Thanks a lot in advance for your insight! 

I'm going to paste a recent response to a similar question from the old new forum:

Quote

For my part, I guess I always knew I wanted to run a business and I didn't really ever have any other skills. So, I applied to school partially with the thought that I could turn my law degree into a business.

One of the best things about being out on your own is that you have freedom to do other things. For instance, I have some side-interests and work that I do to vary things, hopefully help to develop more passive or semi-passive income, and so that I don't get sick of my main job as a lawyer that I wouldn't be able to do while at a firm because: A) my employer would own my work product; and B) my employer would probably forbid me from doing it in the first place.
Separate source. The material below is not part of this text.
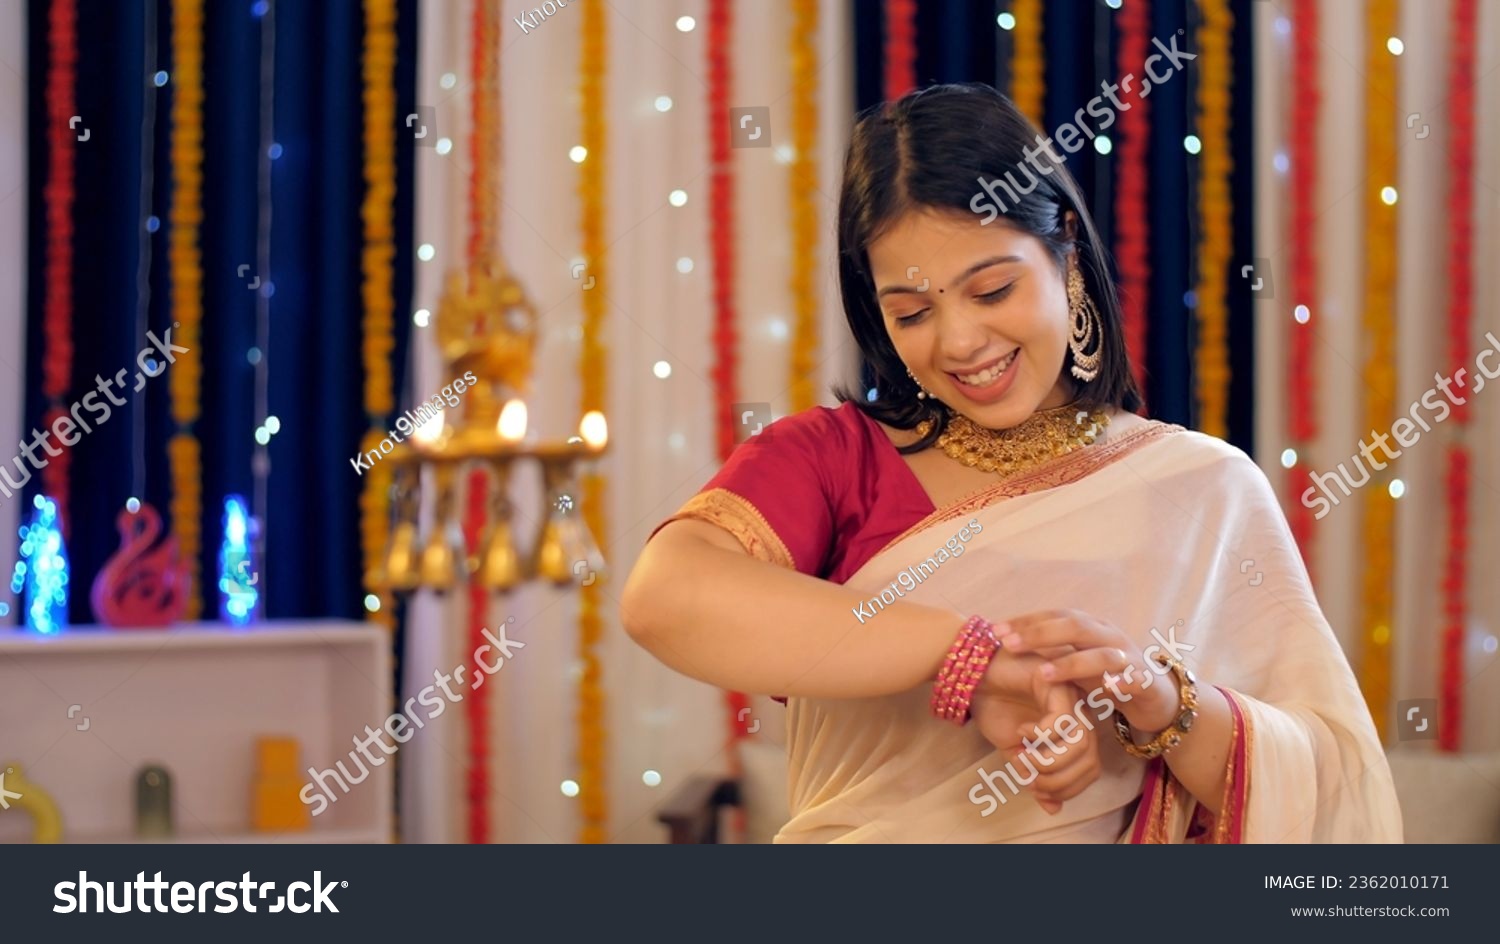 A beautiful Indian woman in an ethnic dress checking her new bangles - woman's accessories, festival celebration. A young woman wearing jewellery and a saree for Diwali festival - traditional dress... #2362010171
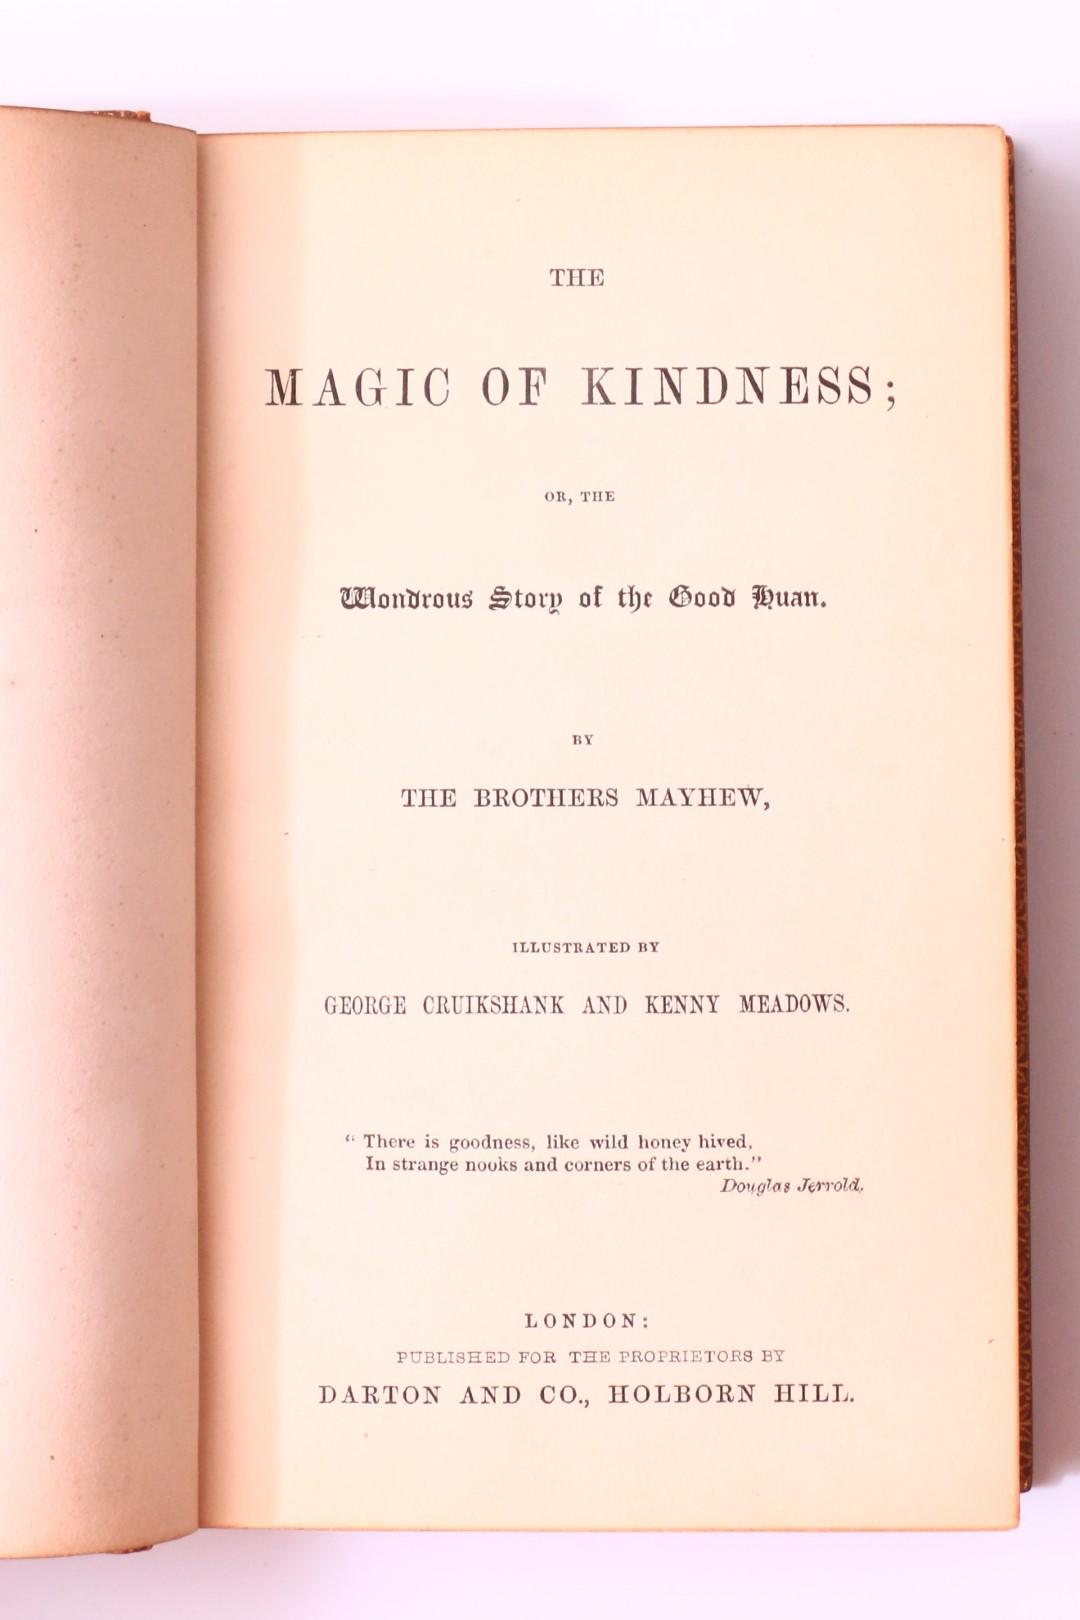 The Brothers Mayhew - The Magic of Kindness; or, the Wondrous Story of the Good Huan - Darton & Co., n.d. [1849], First Edition.

I like being able to do my own thing and not having to explain myself to anyone.

I wouldn't really recommend against going solo to anyone as long as that's what they want to do and they think they've prepared themselves adequately (and no one can be a better judge of that than you). I think the people who wouldn't be suitable for a solo practice already know it and lack the interest anyway. I mean, there's a lot that's shitty about running your own business so people don't generally get into it unless they've thought about it.

In terms of when to go solo, this is very personal and will vary a lot. Probably, a lot of people would've waited longer than I did (I was in my second year of call when I left to do my own thing) and it's definitely true that the more experience you can get in practice in a firm environment, the better. But you learn as you go and it's not like you stop learning after you go solo (on the contrary, you spend a heck of a lot more time making yourself competent and relying on yourself more to make it happen).

Yes, it's definitely worth it financially for me. What a solo lawyer earns runs the gamut. Some soles barely make minimum wage, while others pull in well in excess of half a mil. For me, I haven't been on my own even two full years yet, but I'm basically now making what I would have as an associate and, honestly, I'm probably working less (or at least, doing less legal work). I make enough to be the sole breadwinner for a family of five and work almost no weekends. I have one assistant and am in the process of searching for another one. We have a house and some, admittedly meagre, savings, but we don't have cause to worry much about money. I spend a lot of time with my family and I don't have a boss to answer to. It's a good life.